Inbound Marketing Metrics

12 Key Inbound Marketing Metrics You Should Already Be Tracking

Inbound marketing being the “in” thing among the current marketing trends, everyone wants to join. Deciding upon the perfect inbound marketing metrics to measure will depend on your company and your individual digital marketing goals.

Its popularity is not only because everyone is doing it, but also because marketers are able to communicate with the audience and have a conversation.

Customers and marketers are able to create long-lasting relationships, a business is able to “breathe life” into the brand since the website and the ads are not just pages, and lastly an organization is able to set itself as a leader in an industry.

Currently, business owners are eager to learn the inbound process from the beginning to the end.

A lot of common questions are asked like how to measure the inbound program once it`s up and running, the perfect or acceptable numbers when measuring inbound program and what tools are used to analyze the data.

There are numerous reasons why analysis should be conducted on an inbound marketing strategy.

At the same time, measuring your return on investment is not difficult as some of the business owners might think.

It majorly relies on having a good plan put in motion, choosing and using the proper points to measure, and afterward assessing your metrics on a continuous, short period basis to identify what is working for your business.

Starting an inbound marketing process and online presence is not an easy venture; one shouldn’t rush in it after just having a clear image of the moving parts.

This is delicate because it involves harmonizing your website, your potential customers, and the search engine.

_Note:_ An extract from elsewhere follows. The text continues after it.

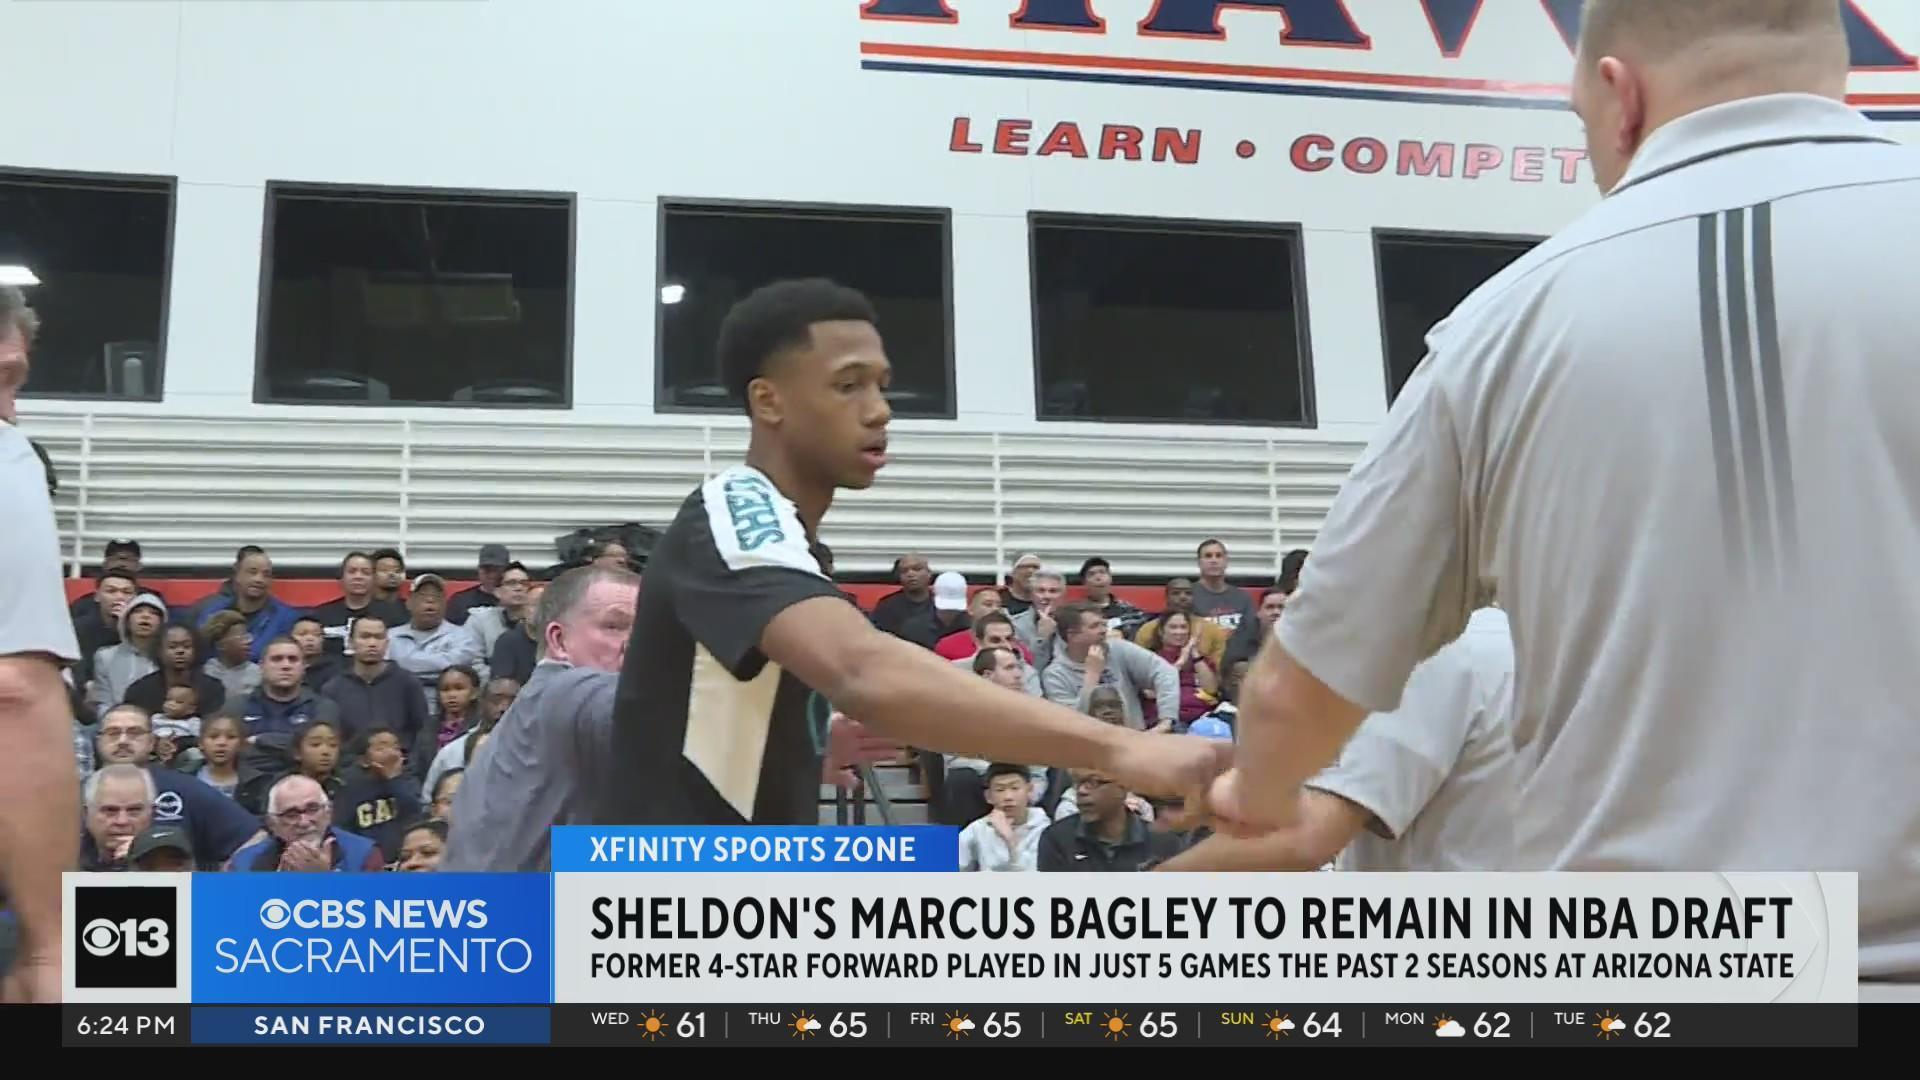 Marcus Bagley, Sacramento Kings rookie's brother, now at Sheldon

It requires deep planning; an audience for your products or services has to be identified for your page, you need to build trust with for them to purchase your products or services later on.

It requires patience and time to achieve the desired outcome. As we stated earlier you have to set standards based on your business model that works in your best interest.

What Do You Want to Accomplish?

 

Business owners and marketers shouldn’t rush into this. It is prudent to identify and put down the goals you want to accomplish by implementing the inbound marketing campaign.

Efficiency in planning and laying out goals determines what measures will be used to ensure success.

As much as business owners will be pleased by the fact that their site has had a million views, they will be more thrilled to know that in the previous months before implementing the inbound campaign, they had way fewer visits.

Business owners should identify what they want:

• Is it a larger awareness to the masses about the brand? Awareness of the product offered?

• How to increase traffic on its website?

• Sales increase, or building up a database for its customers?

Increasing customer engagement can be a reason and a need for a business to build loyalty with its customers however, all the above are important goals that drive businesses to build their online presence.

They all are different and vary in metrics and analysis when creating a marketing plan. Once you figure out what you want to achieve by having an online presence, the statistics on what is important comes out clearly.

What are the 12 Inbound marketing metrics you need to keep track of?

Inbound Marketing Metrics #1:  Overall Traffic

 

Landing Page Traffic

 

You have to set goals on the general site traffic you want, for instance if you are currently receiving 500 views and you would like to exceed 2,000 and above a day.

This would be easier for you to measure your success rate and set appropriate objectives on how to achieve them.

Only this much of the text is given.